(Jan 8) Enabling Probabilistic Learning Models by Quantum Computing

  • Subject
    Enabling Probabilistic Learning Models by Quantum Computing
  • Date
    2019.01.08 (Tue) 16:00-
  • Speaker
    Prof. Peter Wittek, University of Toronto
  • Place
    Wooribyul Seminar Room (B/D E3-2, #2201)

Quantum machine learning brings quantum computing to learning models, but it remains an open question what are the learning protocols that can benefit the most from quantum resources. Furthermore, the programming of quantum computers still has not been abstracted from gate-level manipulations and basic algorithmic primitives. Probabilistic programming is an emergent paradigm in the design of programming languages for statistical inference and machine learning: it could be a good fit for developing learning algorithms on quantum computers. For example, various types of probabilistic graphical models -- Bayesian networks, Markov networks, conditional random fields, hidden Markov models and even Kalman filters -- compactly represent the joint probability distribution of a system. Generally, probabilistic inference in graphical models is a #P-complete problem. Approximate inference is a way around it, and this is where quantum-enhanced sampling can give an advantage. In this talk, we argue that NISQ-era devices need a fresh approach to developing algorithms and that probabilistic graphical models are a primary target for quantum machine learning in the near term.
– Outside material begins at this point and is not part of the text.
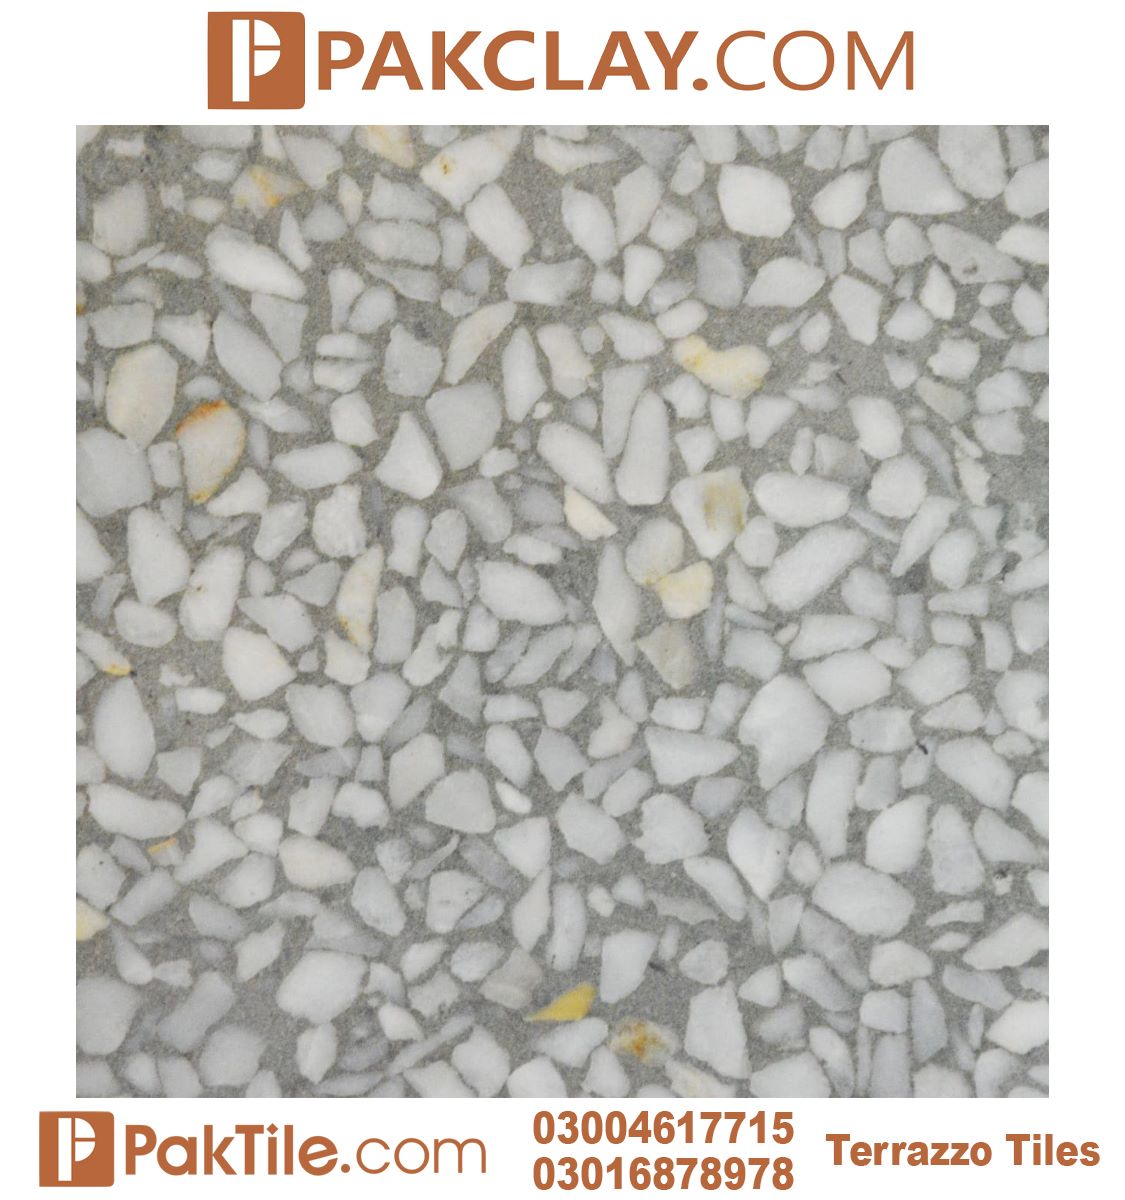 Chips Tiles Rate in Pakistan

Peter Wittek is an Assistant Professor in the University of Toronto and an affiliate in the Vector Institute for Artificial Intelligence the Perimeter Institute for Theoretical Physics. He obtained his Ph.D. from the National University of Singapore. His research explores the synergies between artificial intelligence, machine learning, quantum information theory, and quantum computing. He authored "Quantum Machine Learning: What Quantum Computing Means to Data Mining", the first monograph on the subject. As the Academic Director of the Quantum Program in the Creative Destruction Lab, he oversees two dozen quantum software startups a year that exploit contemporary quantum technologies in a commercial setting.